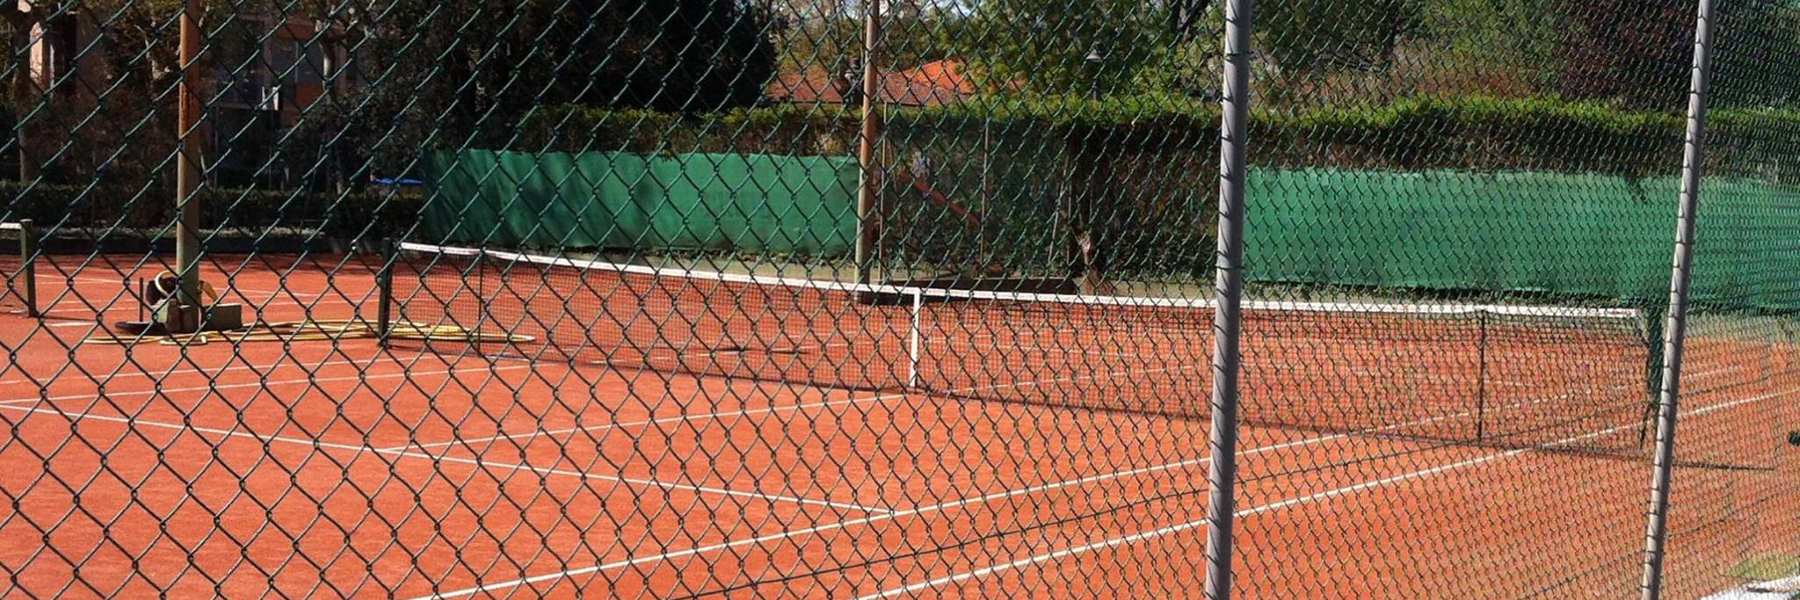 Centro Tennis Guidazzi Parco D'Annunzio 
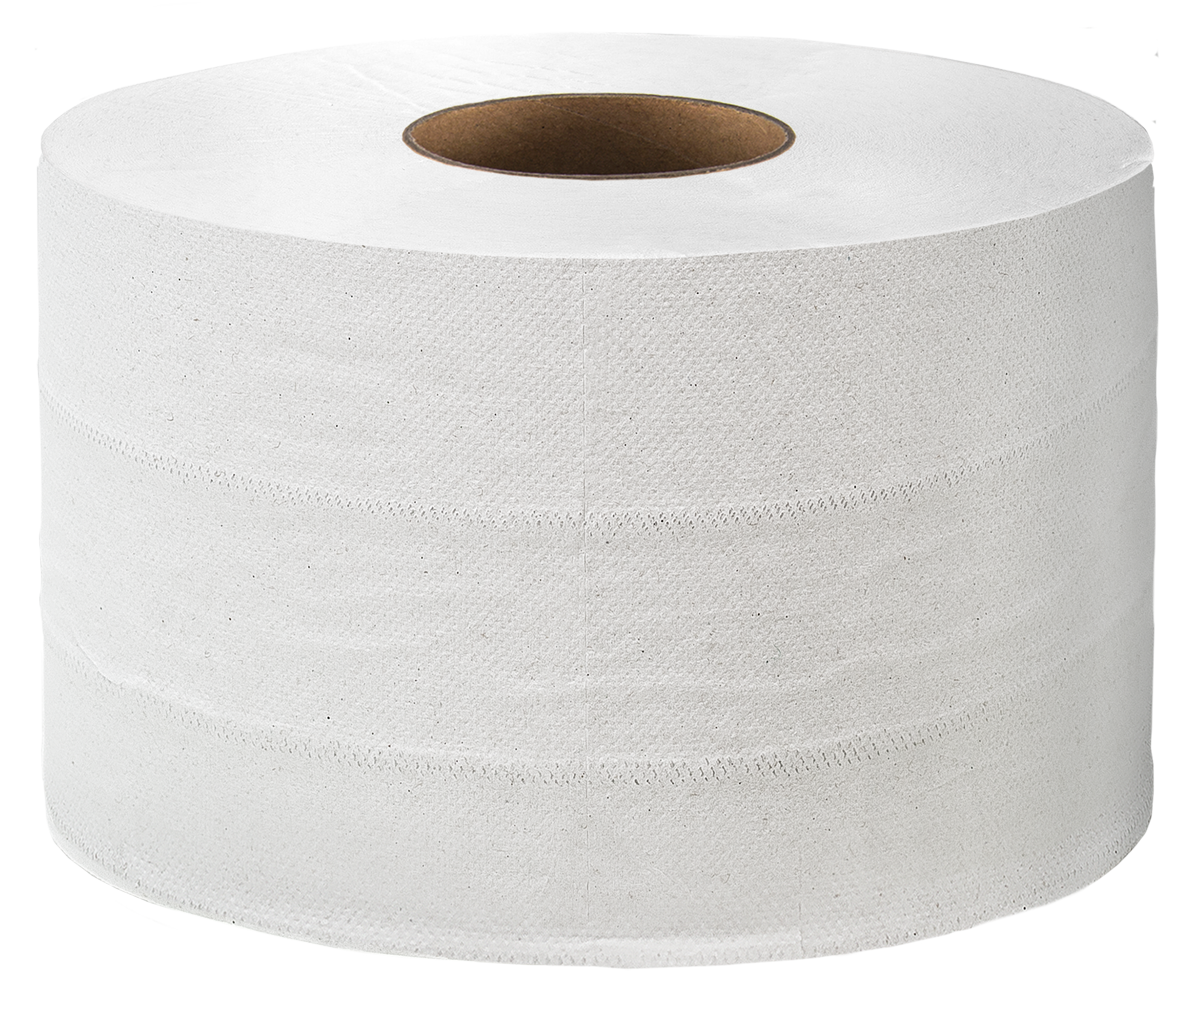 Виды туалетной бумаги Советы по выбору Анализ стоимости рулона, рейтинг лучших марок туалетной бумаги
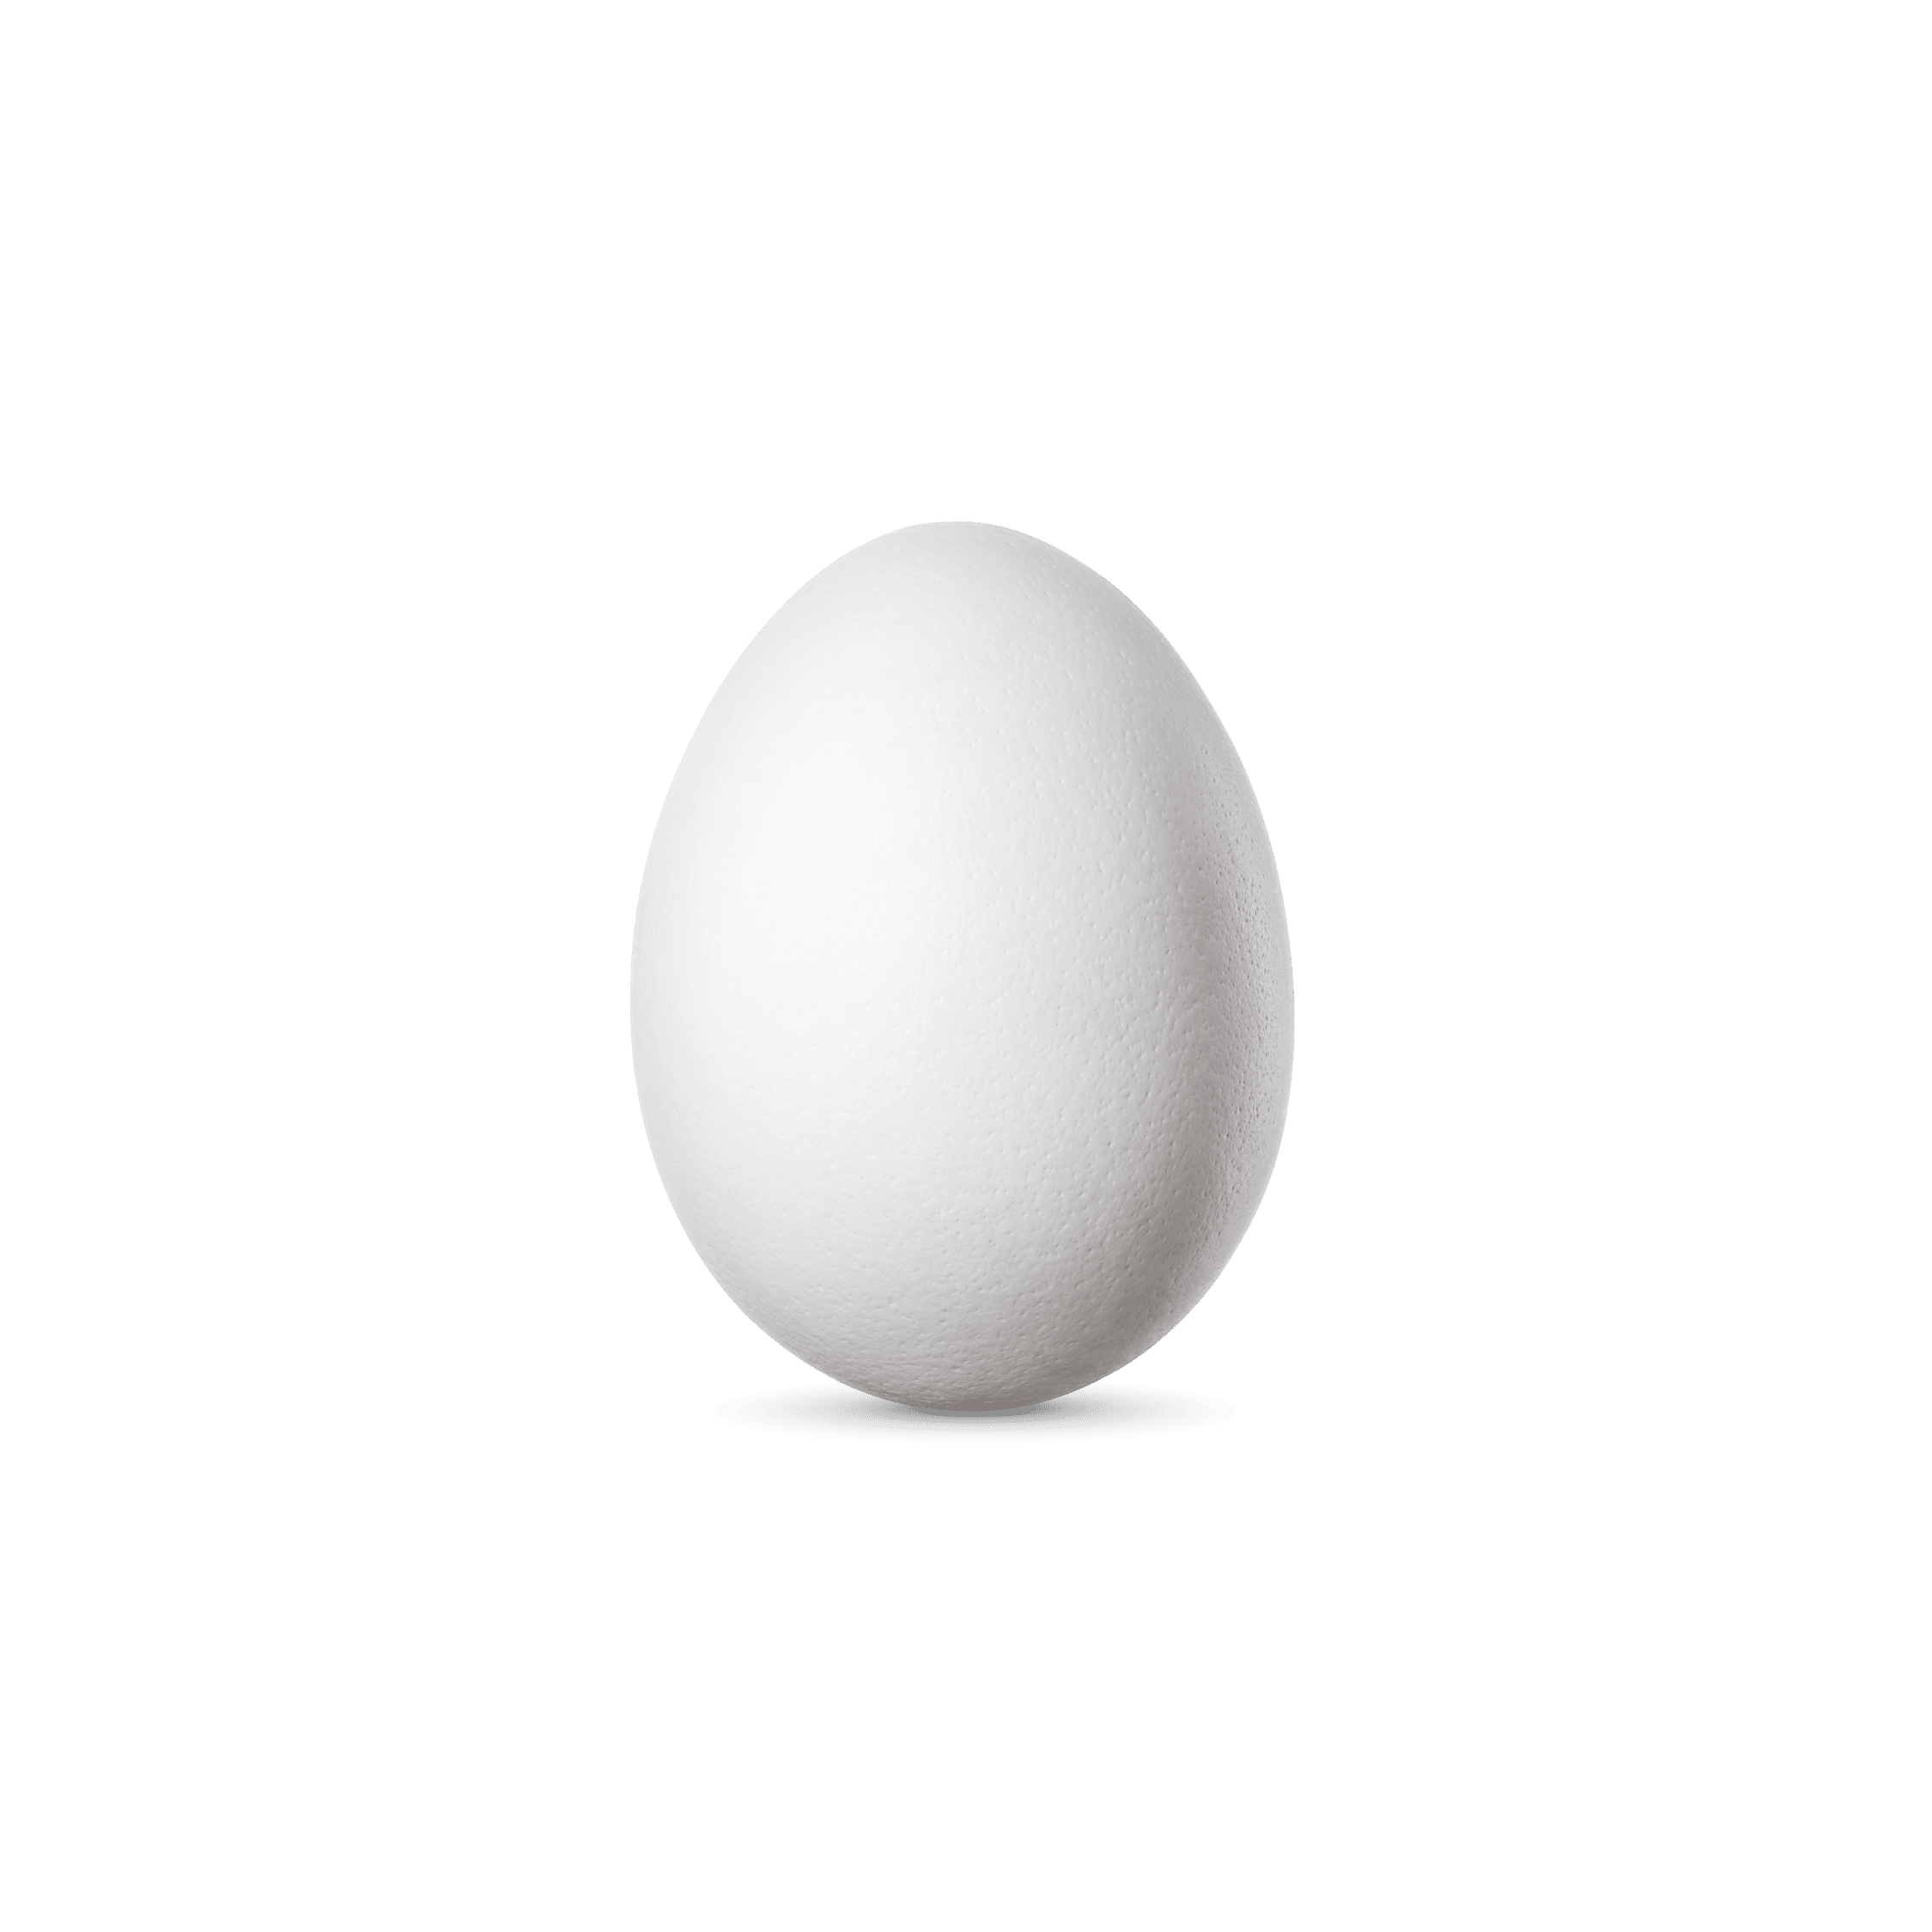 egg whites

▶ _What to produce_
Produce the material above again in full, with identical lines and no pictures.

▶ _Response below_
 Centro Tennis Guidazzi Parco D'Annunzio 
 Виды туалетной бумаги Советы по выбору Анализ стоимости рулона, рейтинг лучших марок туалетной бумаги
 egg whites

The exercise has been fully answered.